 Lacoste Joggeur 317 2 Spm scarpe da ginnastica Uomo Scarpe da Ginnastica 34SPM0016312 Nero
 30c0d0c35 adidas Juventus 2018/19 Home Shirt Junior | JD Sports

--

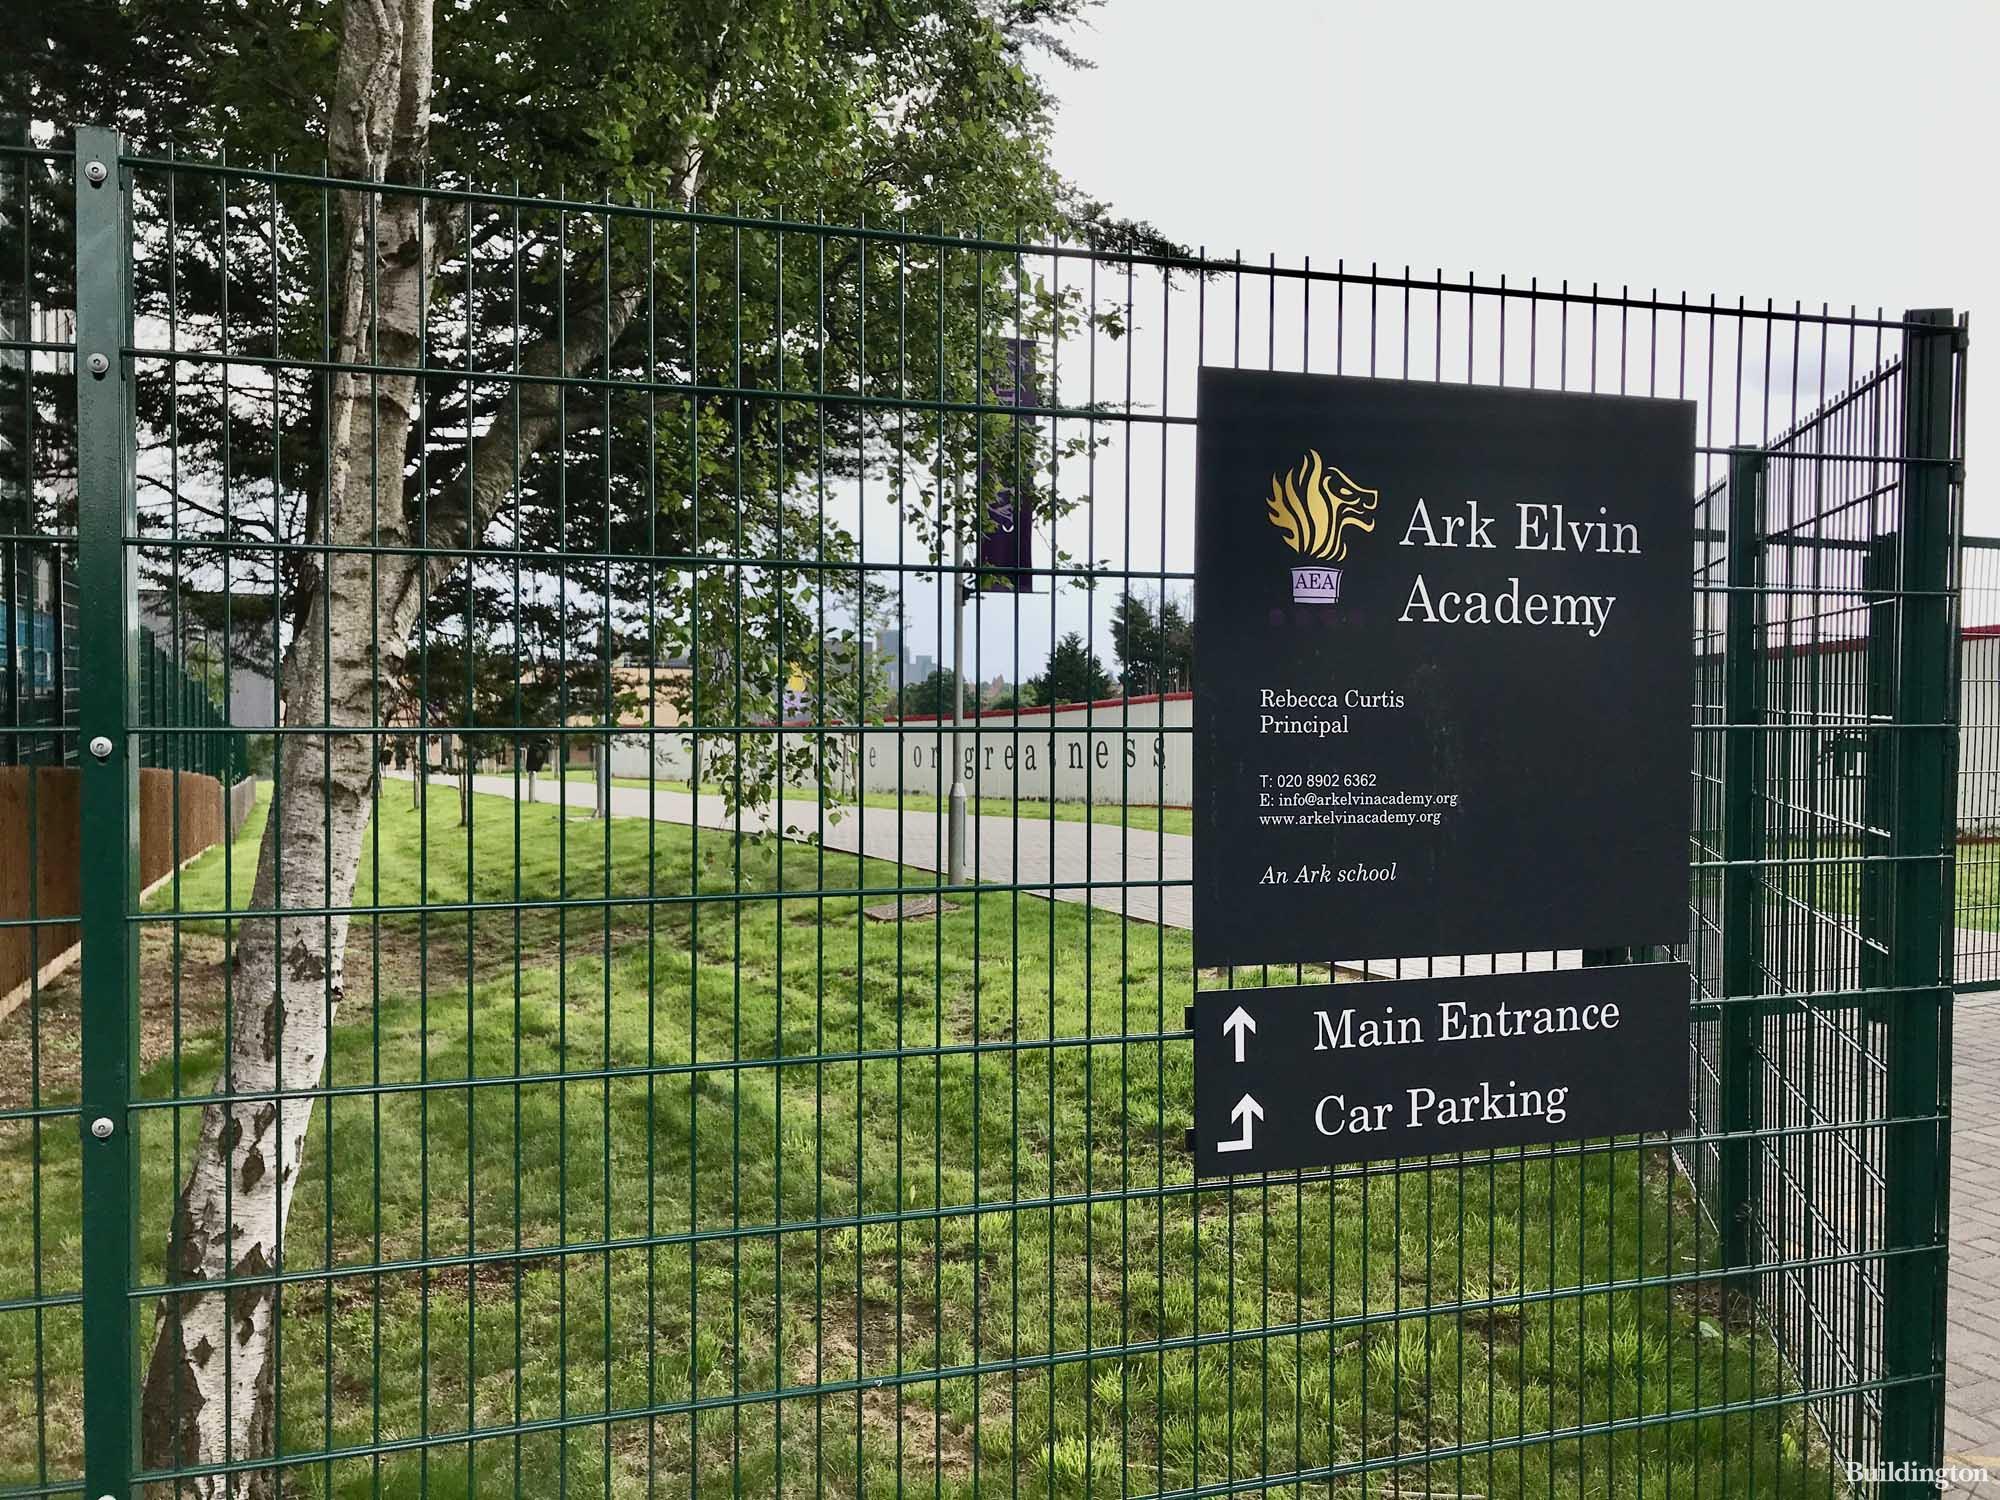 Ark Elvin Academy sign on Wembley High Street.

**Task prompt:** Copy the entries above exactly, but only from the line holding "Lacoste Joggeur 317" through the line holding "30c0d0c35 adidas Juventus", both included.

**Response to the task:**
 Lacoste Joggeur 317 2 Spm scarpe da ginnastica Uomo Scarpe da Ginnastica 34SPM0016312 Nero
 30c0d0c35 adidas Juventus 2018/19 Home Shirt Junior | JD Sports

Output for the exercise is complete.